Affogati dalla strabordante retorica in corso sulle «nuove» liberalizzazioni, non è male riflettere su alcune concrete iniziative politiche e legislative (a partire dalla leva fiscale) che con il governo Berlusconi post 2008 hanno reso possibile il decollo di un libero (sul serio) sistema di contrattazione aziendale, favorendo con ciò un’inedita cooperazione tra proprietà e lavoratori durante una fase di dura emergenza economica. Si è difesa così parte fondamentale della forza della produzione italiana che poggia sulla qualità dei suoi operai da non disperdere nei momenti di recessione per poter ben ripartire in quelli di ripresa. E si è consentito insieme al primo gruppo industriale privato, la Fiat, di affrontare anche un’impegnativa ristrutturazione.

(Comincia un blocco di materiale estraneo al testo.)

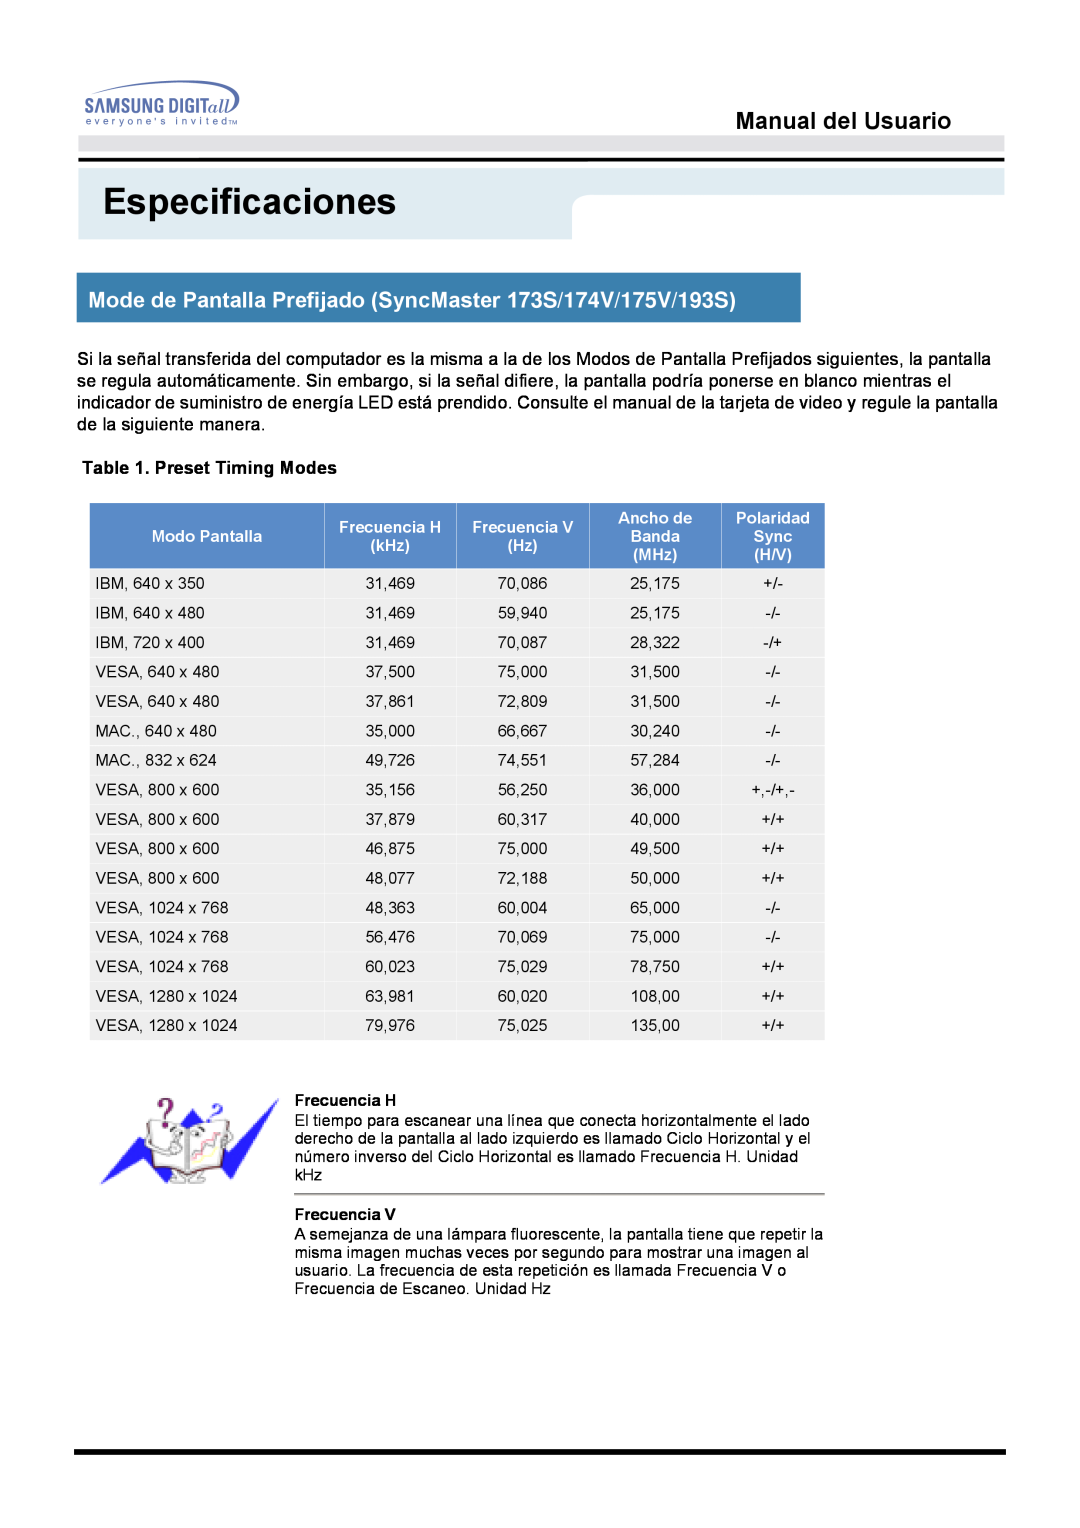 Samsung 153S manual Especificaciones, Manual del Usuario, Preset Timing Modes, Frecuencia H

Se la sciagurata Emma Marcegaglia non avesse nell’agosto del 2011 colpito alle spalle il governo che aveva nei provvedimenti d’emergenza definito (il famoso articolo 8) norme per regolare elementi del rapporto di lavoro grazie a intese aziendali, saremmo ancora più avanti e certe discussioni nominalistiche tipo quelle sull’articolo 18 sarebbero quasi inutili.
L’azione di dialogo e decisione del governo con la maggioranza delle forze sociali è stata fondamentale nel merito perché ha aperto la via per superare una concezione centralistica e dirigistica delle relazioni industriali: il blocco provocato da questo tipo di visione, propria innanzitutto della maggioranza della Cgil e a lungo imposta alla politica, ha portato al disastroso risultato della perdita di valore dei salari, di cui si discute in questi giorni, che senza un legame con le dinamiche in atto nei luoghi di lavoro, diventa inevitabile.
Ma oltre che nel merito le iniziative forniscono pure una formidabile lezione di metodo: ecco un tipo di riforma che libera la società, lascia alle parti la responsabilità di governare le dinamiche relazionali possibili, non pretende di dettare scelte dall’alto (tipo lo Stato che decide di quanti taxi o quante farmacie ha bisogno la nostra società). È una politica fatta dialogando, dividendo non lo Stato dalla forze sociali ma separando tra queste ultime quelle che ostacolano il cambiamento per conservative logiche di potere da quelle disponibili al cambiamento.
All’Italia non serve dividersi tra probi e malvagi, come si è detto: tipo stanare i criminali che non emettono fattura. Ha bisogno al contrario di far entrare nello Stato tutti i cittadini: dagli idraulici ai metalmeccanici che non devono concepire più il loro imprenditore come un nemico. Le liberalizzazioni indispensabili devono dare più responsabilità a una società che ha storia millenaria, non è una carta bianca su cui il bocconiano di turno può fare le sue esercitazioni.